● **RECORDS FOR THIS EXERCISE**
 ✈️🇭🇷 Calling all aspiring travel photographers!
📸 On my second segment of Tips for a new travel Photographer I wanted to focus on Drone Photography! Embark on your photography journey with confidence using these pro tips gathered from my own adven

==

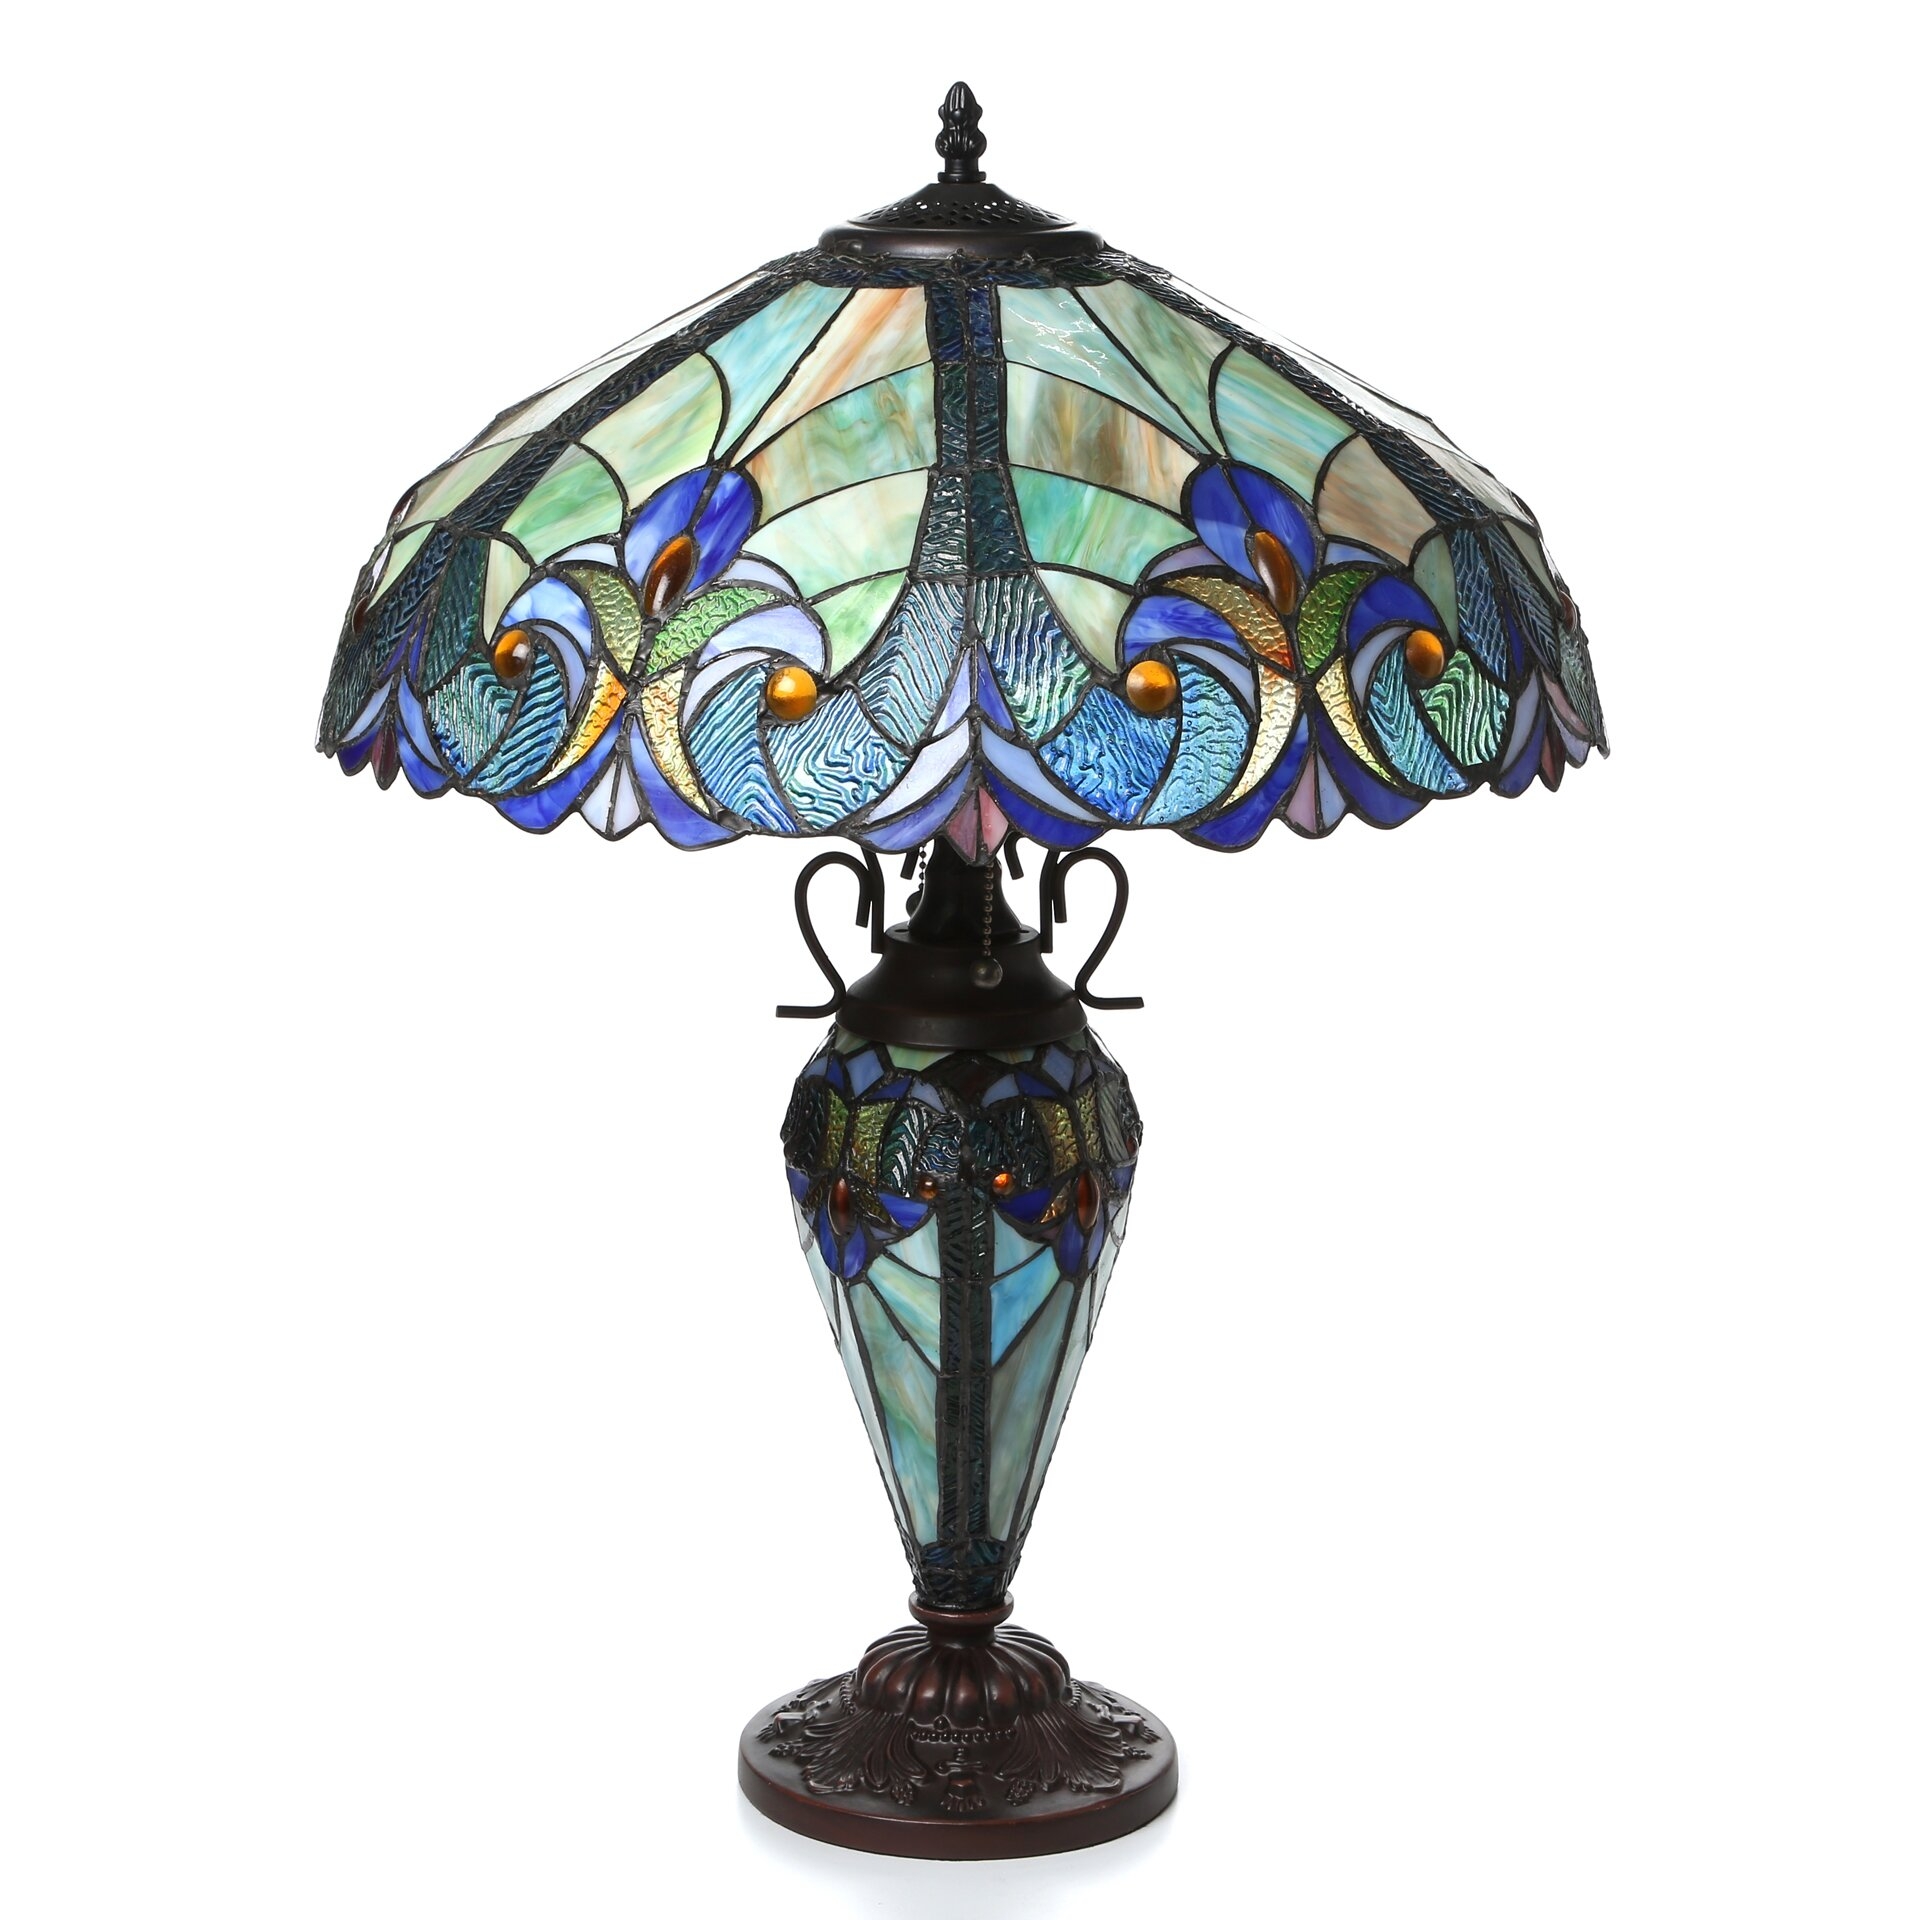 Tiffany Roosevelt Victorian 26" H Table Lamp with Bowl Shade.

● **ACTIVITY**
Within the listing above, the range opens at the line with "aspiring travel photographers!" and closes at the line with "my own adven". Reproduce exactly the lines of that range, including both ends.

● **RESULT OF THIS TASK**
 ✈️🇭🇷 Calling all aspiring travel photographers!
📸 On my second segment of Tips for a new travel Photographer I wanted to focus on Drone Photography! Embark on your photography journey with confidence using these pro tips gathered from my own adven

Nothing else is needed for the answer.